**TO DO**. Any picture in the listing is left out of the copy; all else is duplicated exactly.

DATASET EXCERPT START

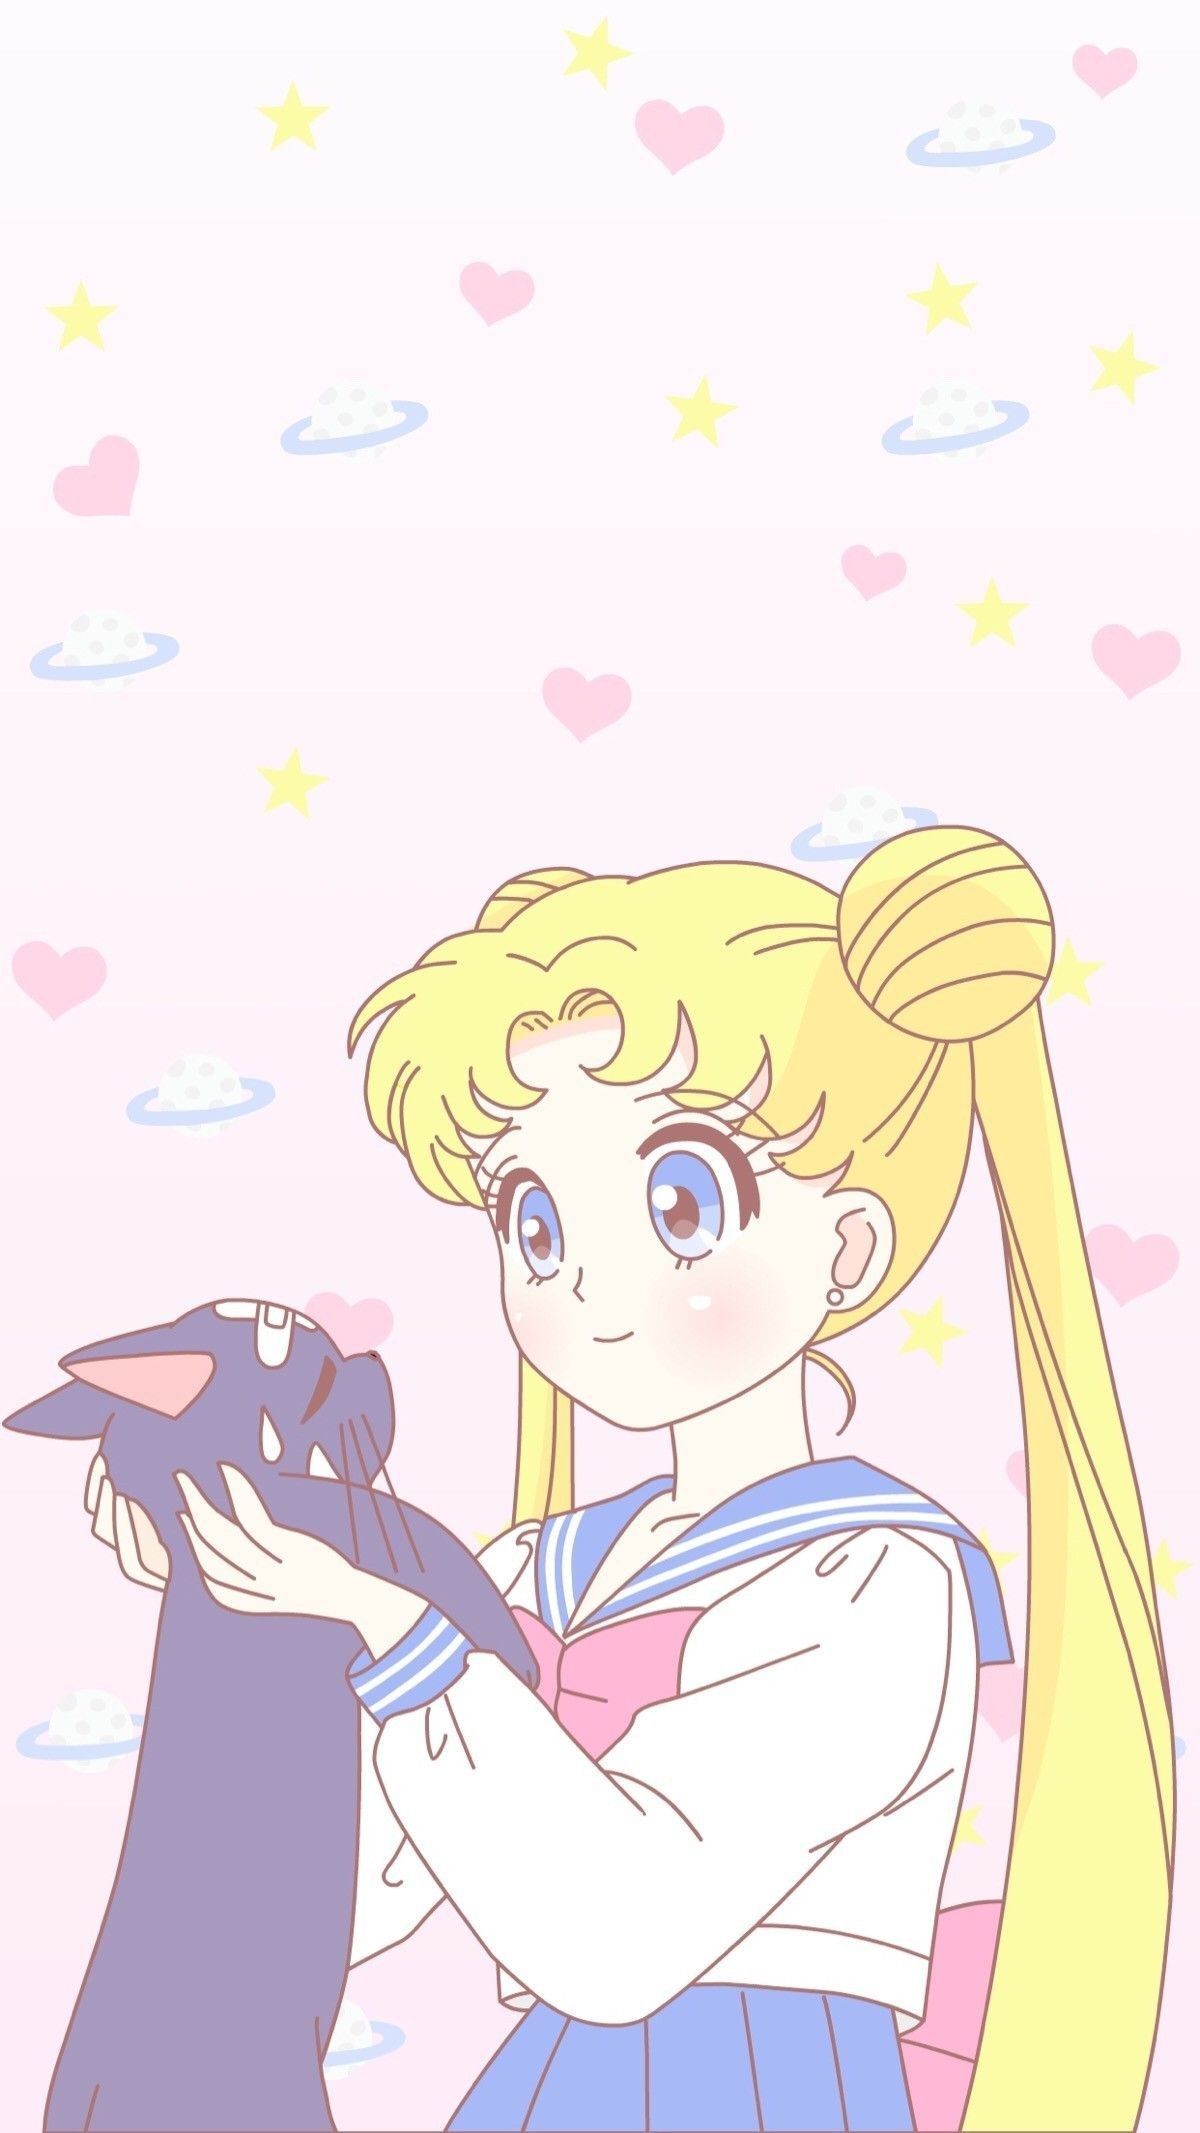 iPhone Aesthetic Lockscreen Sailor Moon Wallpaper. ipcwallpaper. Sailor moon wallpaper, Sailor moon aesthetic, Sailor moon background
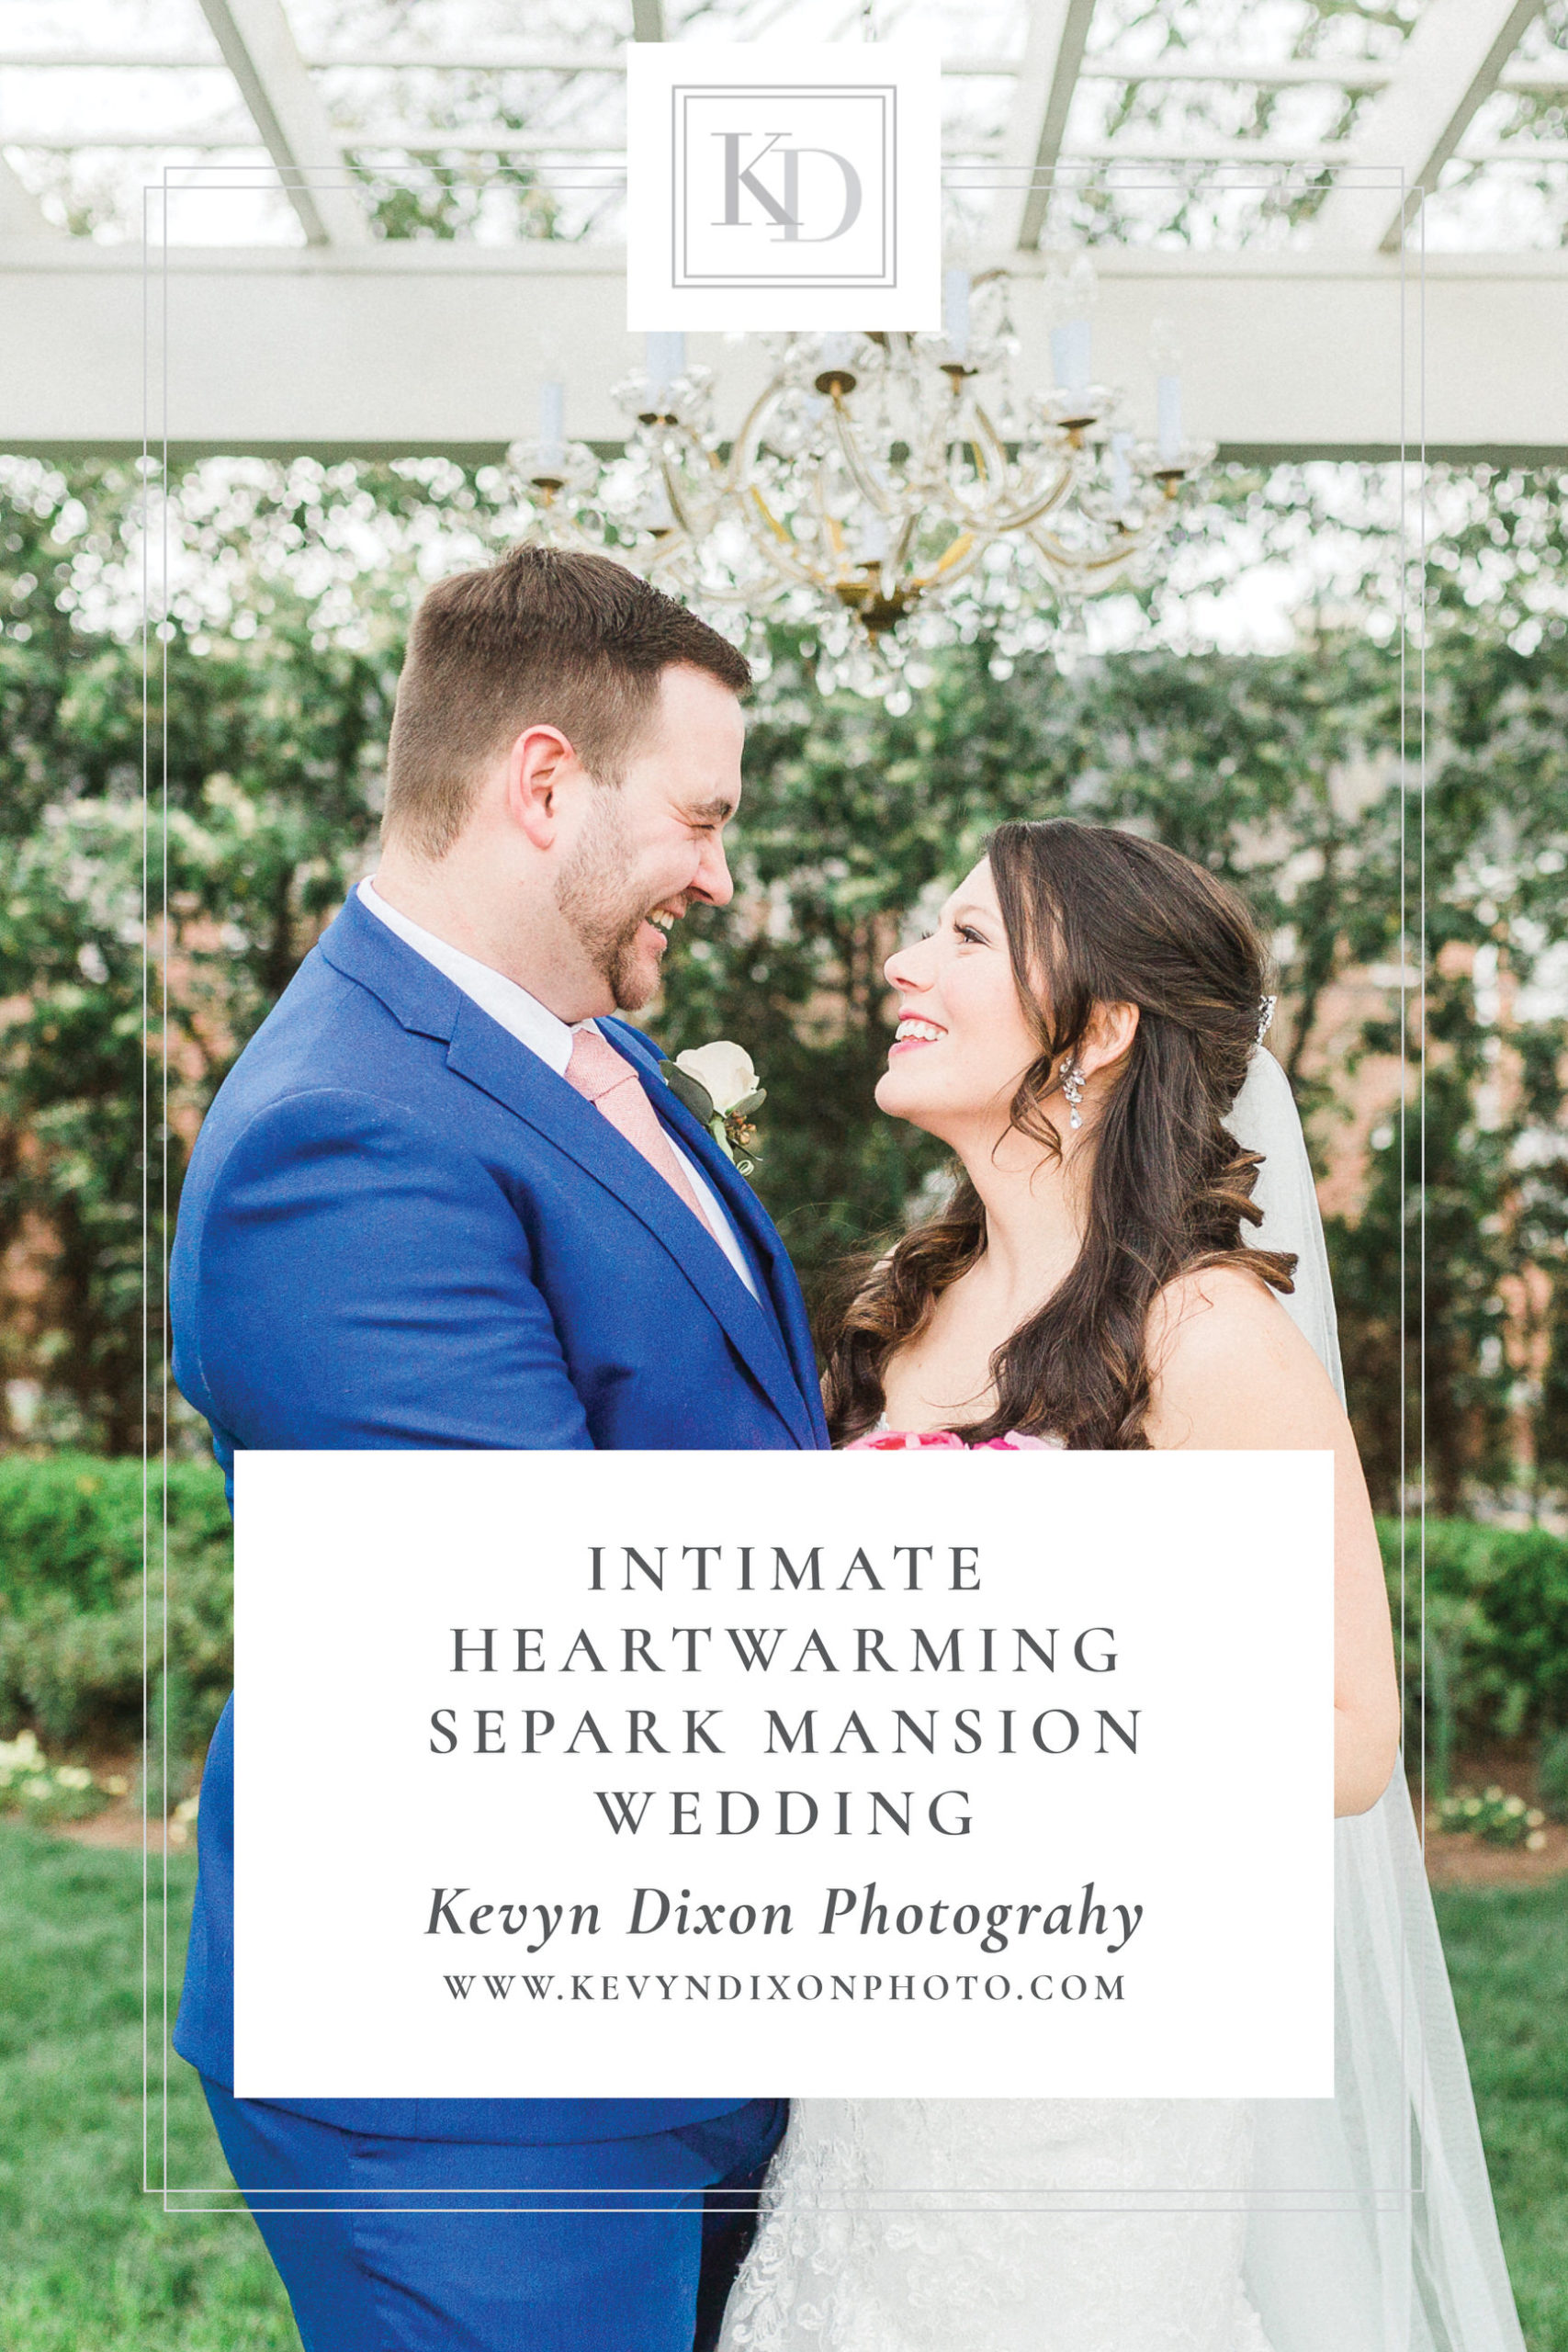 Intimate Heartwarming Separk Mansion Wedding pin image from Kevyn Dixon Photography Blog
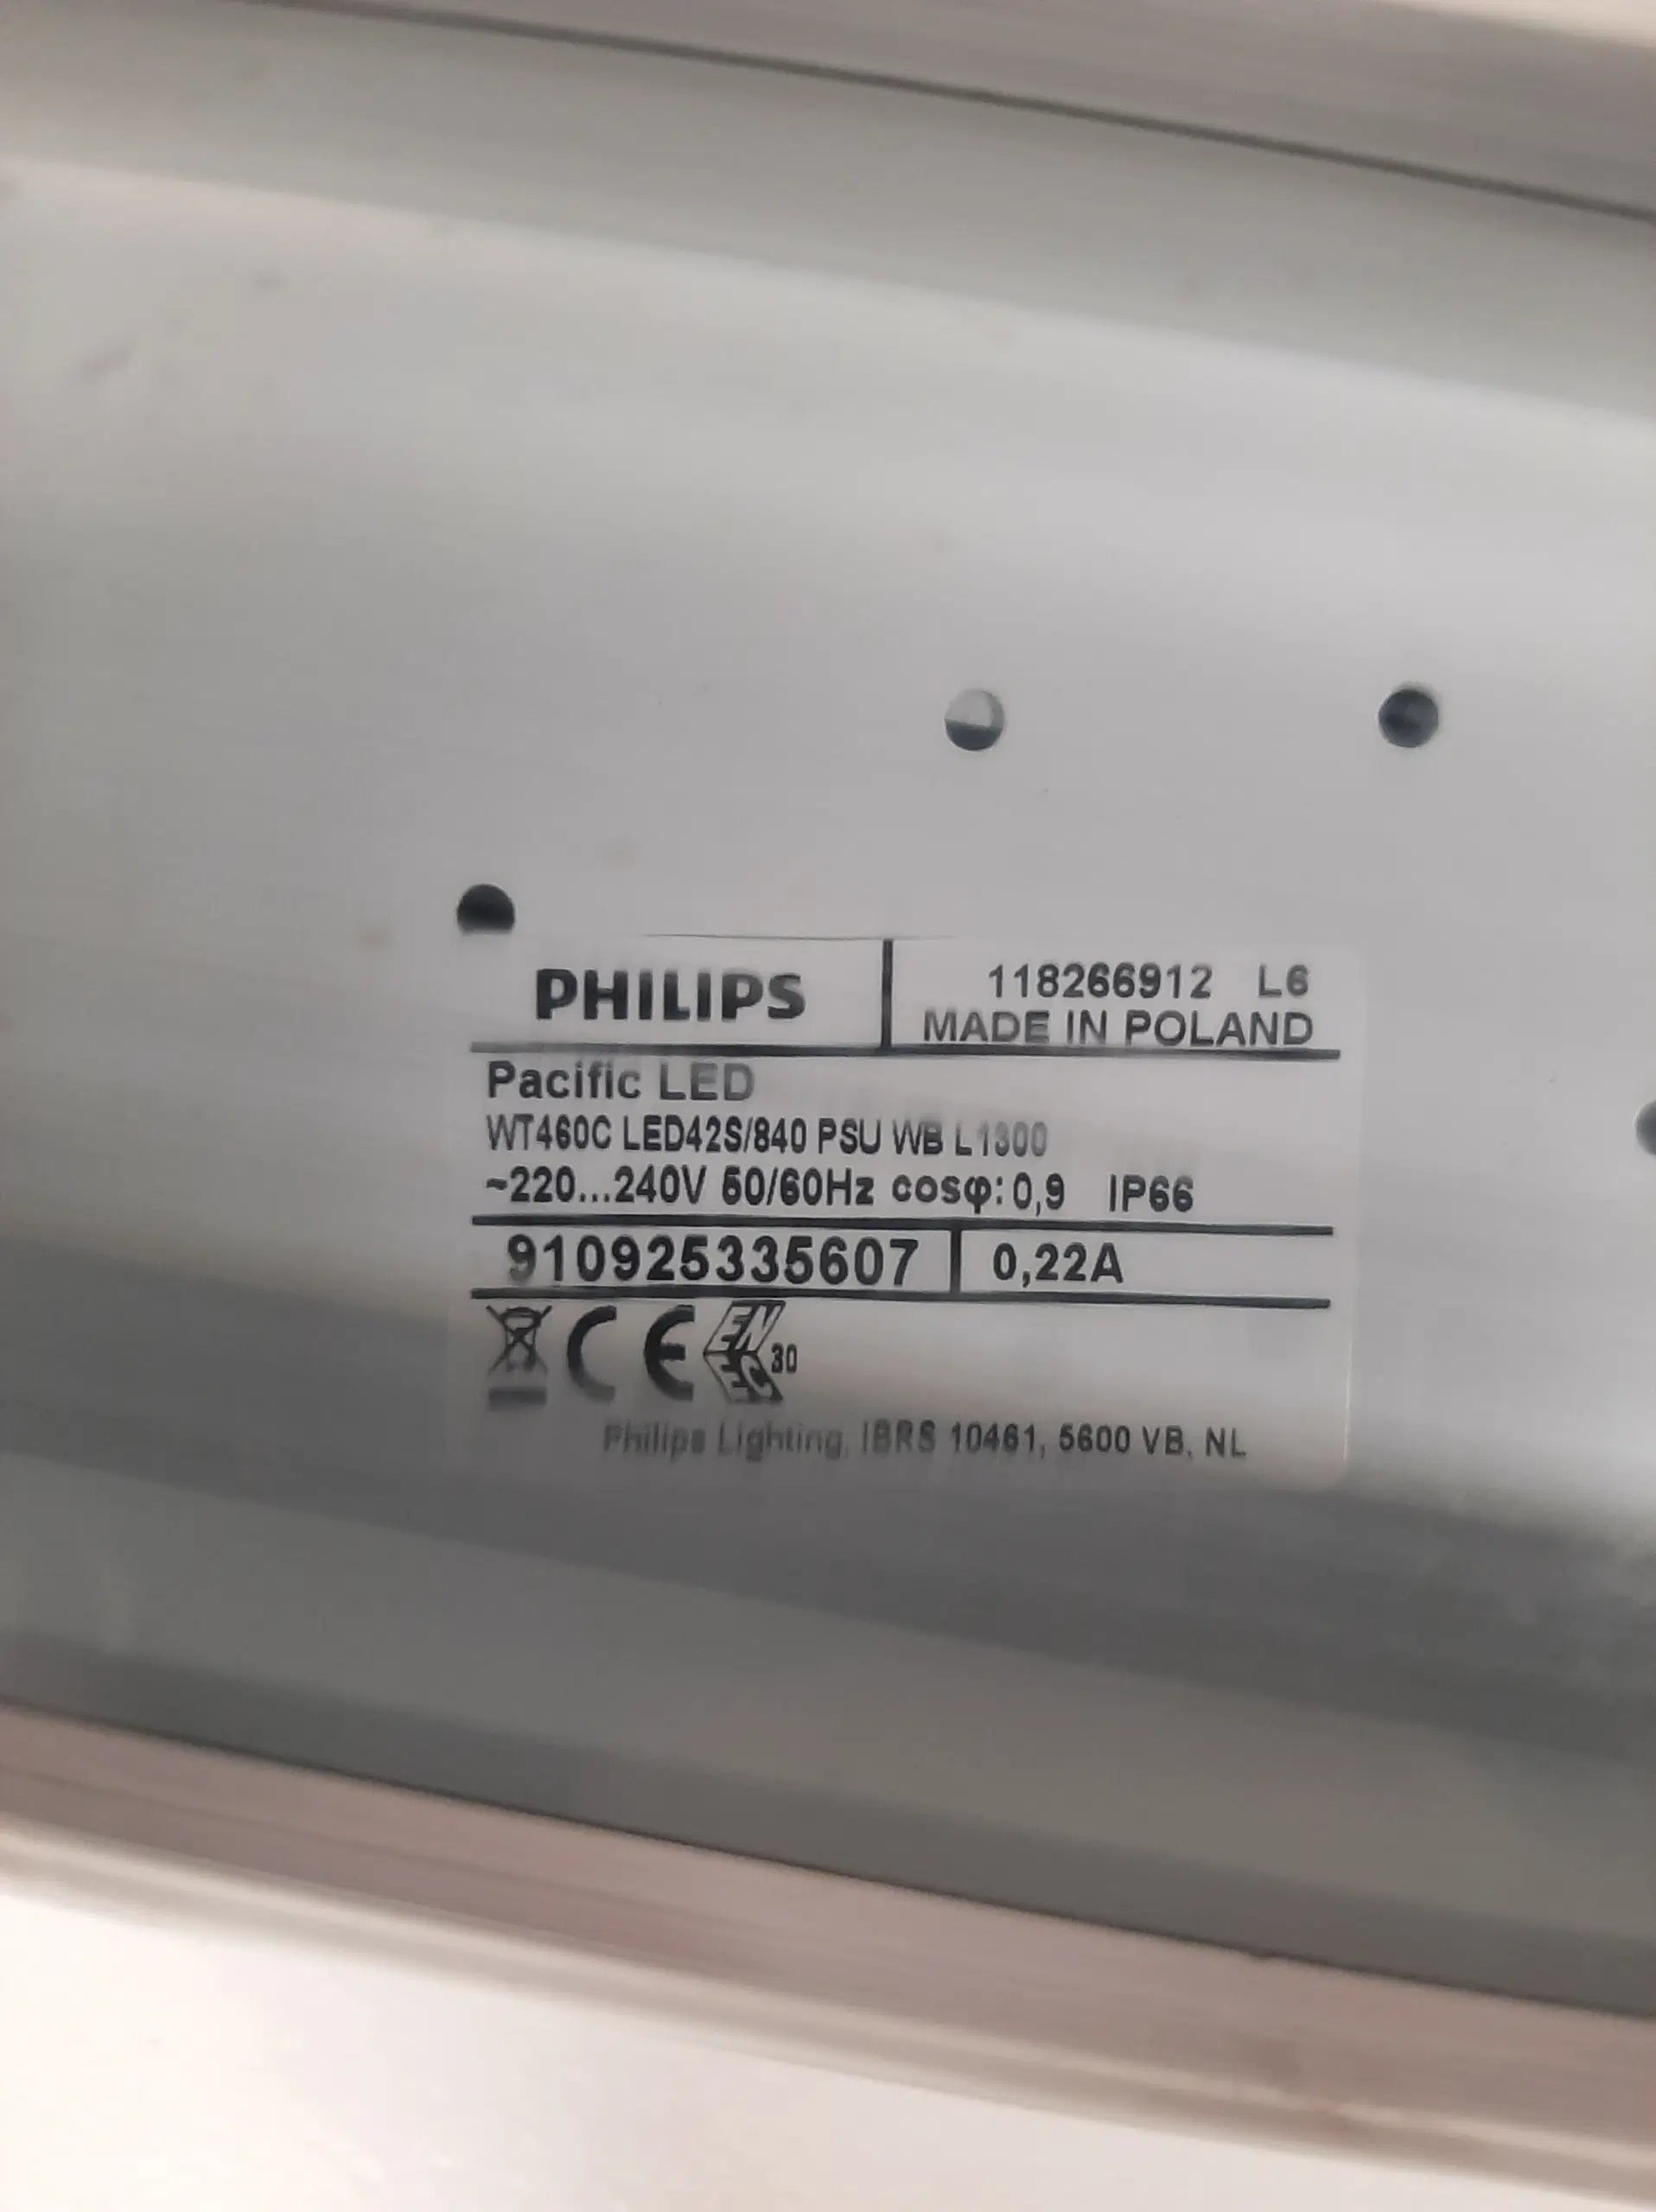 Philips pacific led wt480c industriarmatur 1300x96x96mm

DATASET EXCERPT END

**TASK ANSWER**.
 iPhone Aesthetic Lockscreen Sailor Moon Wallpaper. ipcwallpaper. Sailor moon wallpaper, Sailor moon aesthetic, Sailor moon background
 Intimate Heartwarming Separk Mansion Wedding pin image from Kevyn Dixon Photography Blog
 Philips pacific led wt480c industriarmatur 1300x96x96mm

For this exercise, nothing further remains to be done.